Both N forms (NO3 and NH4+) share the same metabolic pathway, called as glutamate pathway, in which enzymes such as glutamate synthase (GOGAT) and glutamine synthase (GS) are involved; hence, this pathway is also identified as the GS/GOGAT cycle. GS is responsible for assimilating NH4+ as amino acids (glutamine), and GOGAT transforms this glutamine to glutamate5. Furthermore, glutamate dehydrogenase (GDH) catalyzes the transformation of α-ketoglutaric acid and NH3 into glutamate through the glutamate pathway. Consequently, GOGAT, GS and GDH are considered the principal enzymes of N metabolism in higher plants5. As the response of plants to an increase in CO2 concentration will be different depending on the source of N supplied and the specie considered, it will be very important to better understand the plant’s preference for different N forms under e[CO2], as this knowledge can be used to guide farmers towards the more efficient use of fertilizers. Therefore, because of the high energy cost of production of N fertilizers, and the environmental impact of the nitrate that is not taken up by plants6, growers must reduce the N losses and pollution associated to fertilization by using the appropriate ratio of inorganic nitrate under future climate scenarios.
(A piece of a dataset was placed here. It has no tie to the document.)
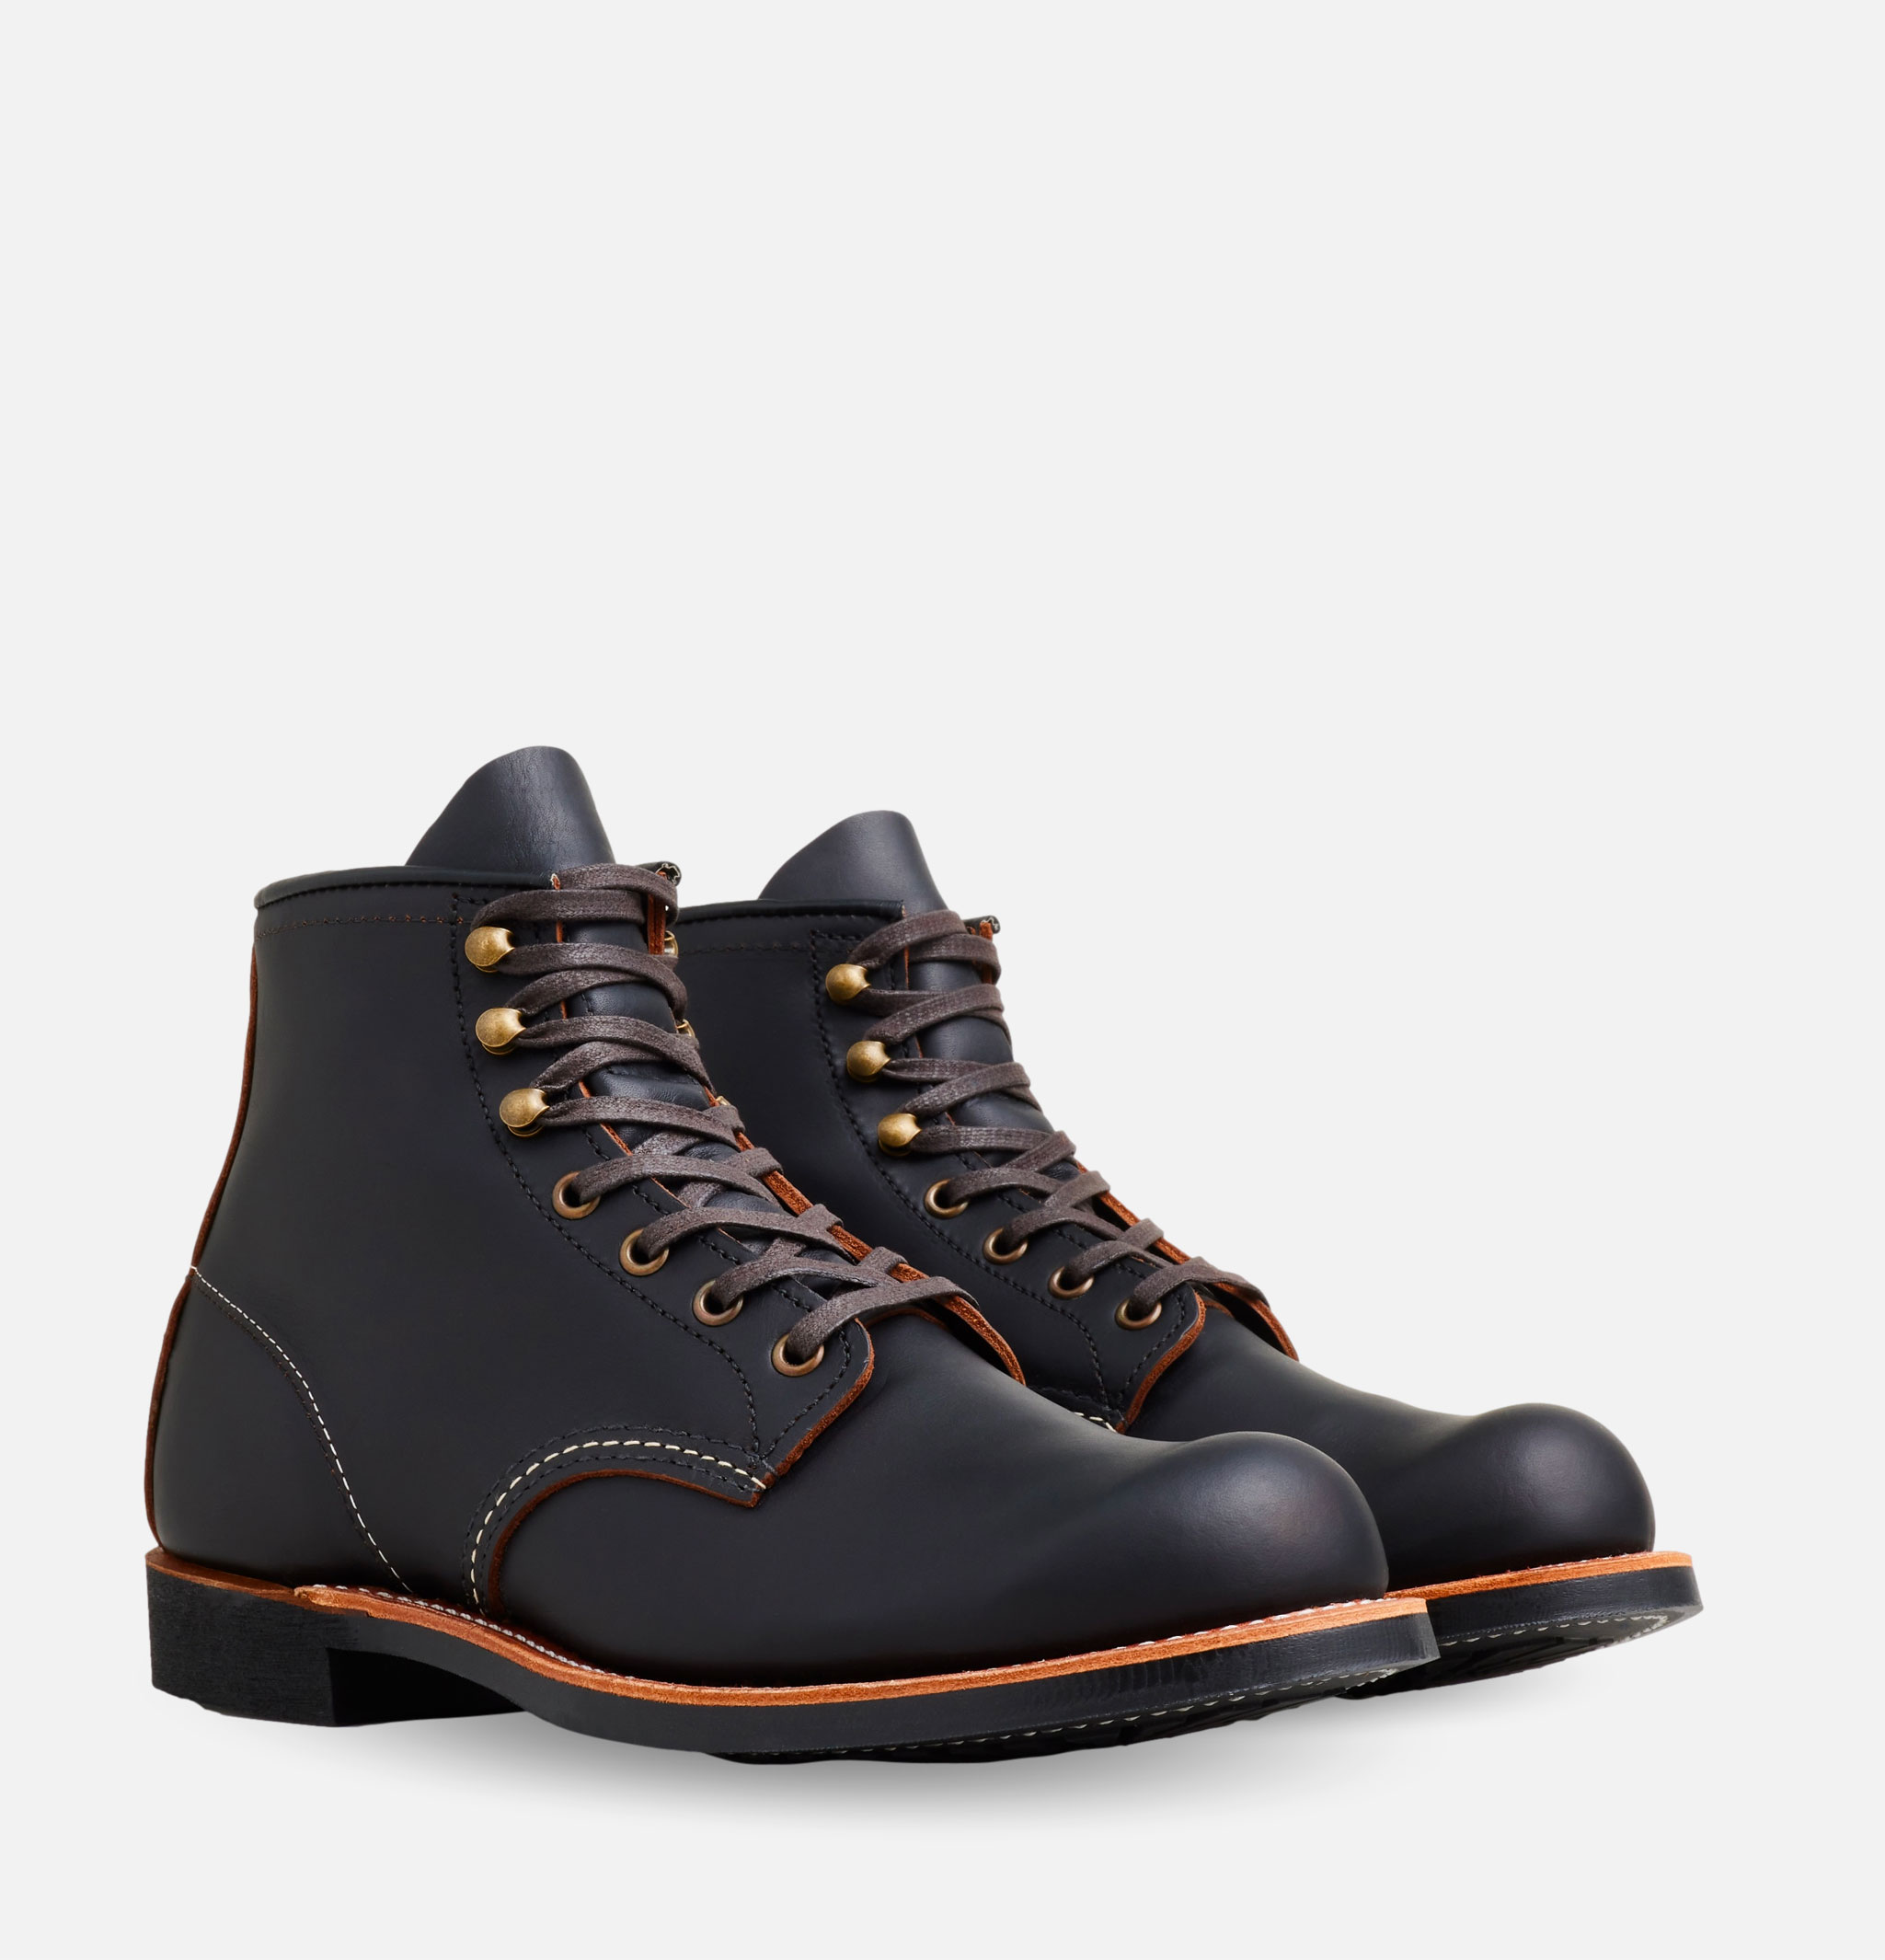 Red Wing Shoes - 3345 Blacksmith Black 
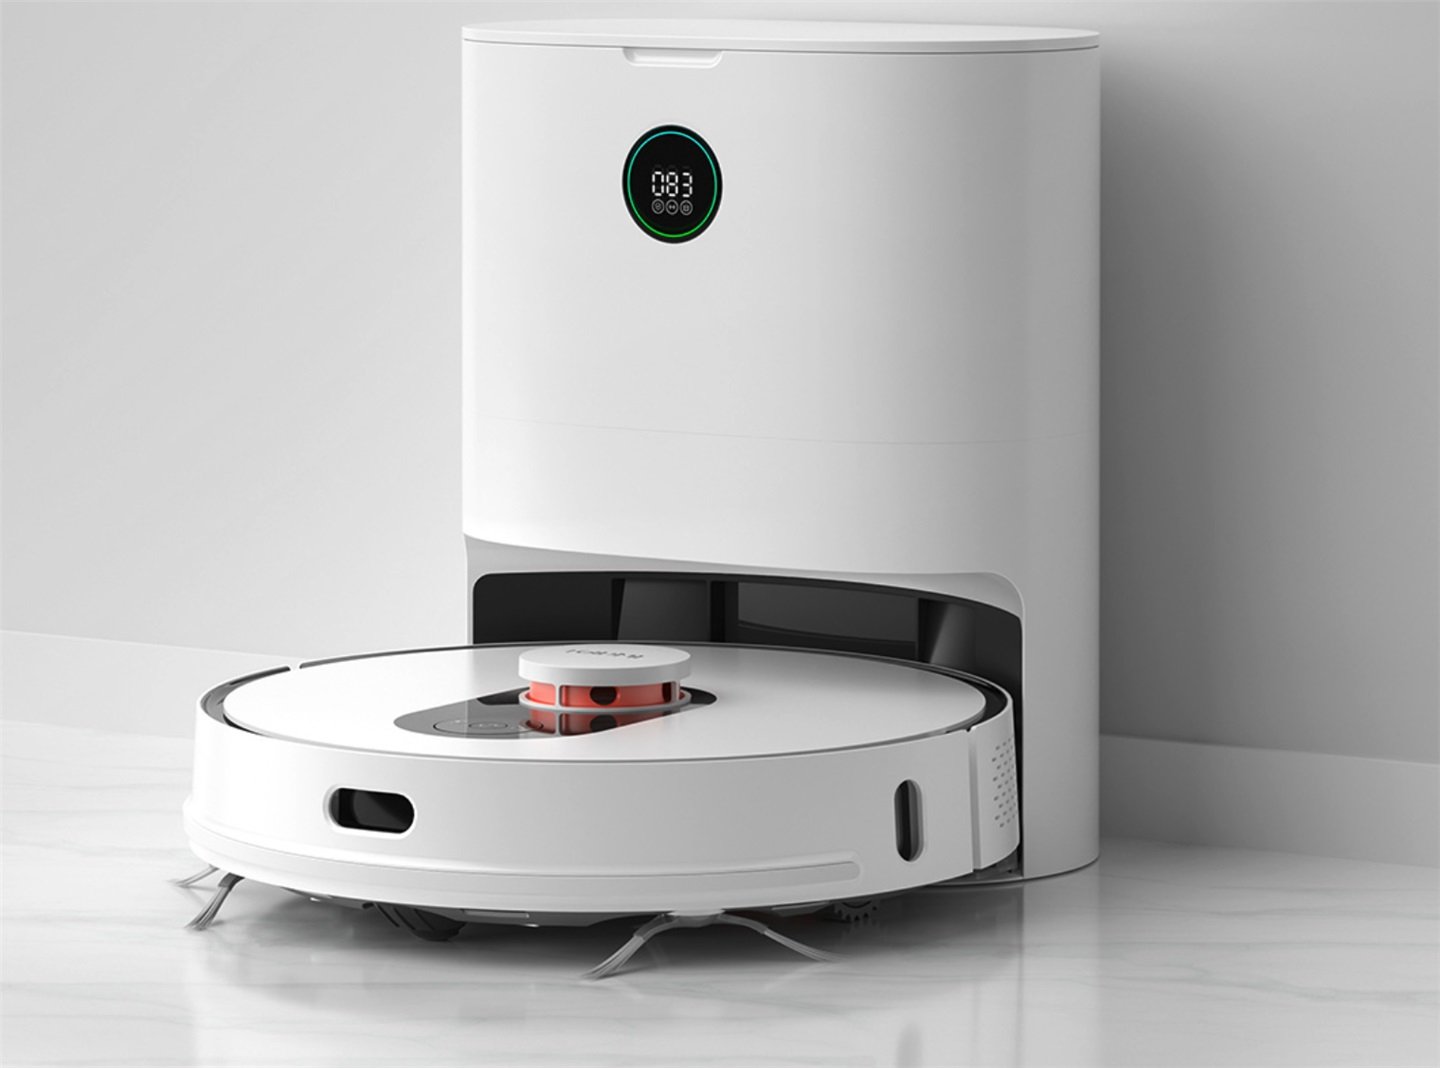 Xiaomi launches the Roidmi Self-collecting Robot Vacuum for 2,999 yuan (~$463)

The nitrogen fertilization of crops is one of main causes of environmental contamination worldwide, through nitrate leaching and as a net contributor to greenhouse gas emission7,8. Cucumber (Cucumis sativus L.) is one of the most-cultivated vegetables in the world due to its economic and nutritional benefits5,9. However, although many cucumber growth parameters have been studied, such as photosynthesis10, nitrogen metabolism11, fruit quality12, or water use efficiency13, the combined effects of CO2 and different N forms (NO3 and NH4+) have not been studied. Therefore, this study is the first attempt at understanding how N forms and e[CO2] interact in cucumber plants in a climate change scenario. To stimulate the physiological mechanisms affected by these two factors (N forms and e[CO2]), cucumber plant seedlings were exposed to different N inputs and e[CO2] in a controlled environment. The responses of plants were assessed by measuring the net CO2 assimilation, internal CO2 concentration, instantaneous water use efficiency, cation concentration, nitrogen-metabolizing enzymes, starch, and soluble sugars.

Results

Gas exchange

The data showed that the treatment with NH4+ (90/10) increased the ACO2 at both CO2 concentrations (Fig. 1A). The ACO2 throughout the experiment slightly decreased at both CO2 concentrations. Curiously, the decrease was more pronounced when the plants were irrigated with the 100/0 treatment at both CO2 concentrations, but mainly under e[CO2]. This decrease was from 21.2 µmoles CO2 m−2 s−1 to 5.2 µmoles CO2 m−2 s−1 in plants irrigated with 100/0 under e[CO2]. In contrast, the decrease in plants irrigated with the 100/0 treatment under a[CO2] was only from 8.7 µmoles CO2 m−2 s−1 on 7 DAT, to 2.1 µmoles CO2 m−2 s−1 on 29 DAT. On the other hand, exposure to e[CO2] markedly increased ACO2 in both N treatments (Fig. 1A). Similarly, the Ci increased by CO2 enrichment (Fig. 1B). However, this parameter obtained higher values in plants irrigated with the 100/0 treatment at both CO2 concentrations, on 18 DAT and 29 DAT. During the rest of the experiment, no significant differences were observed between the irrigation treatments.

Figure 1
figure 1

Effect of N forms (100% NO3 and 90% NO3/10% NH4+ combined) under an eCO2 on cucumber plants: (A) net photosynthesis rate (ACO2); (B) internal CO2 concentration (Ci); and (C) instantaneous water-use efficiency (WUEi). Data are means ± SE of six plants. * denotes significant differences (P < 0.05) between plants in different CO2 treatments, with the same nitrogen treatment; X denotes significant differences (P < 0.05) between nitrogen treatments for the same CO2 treatment.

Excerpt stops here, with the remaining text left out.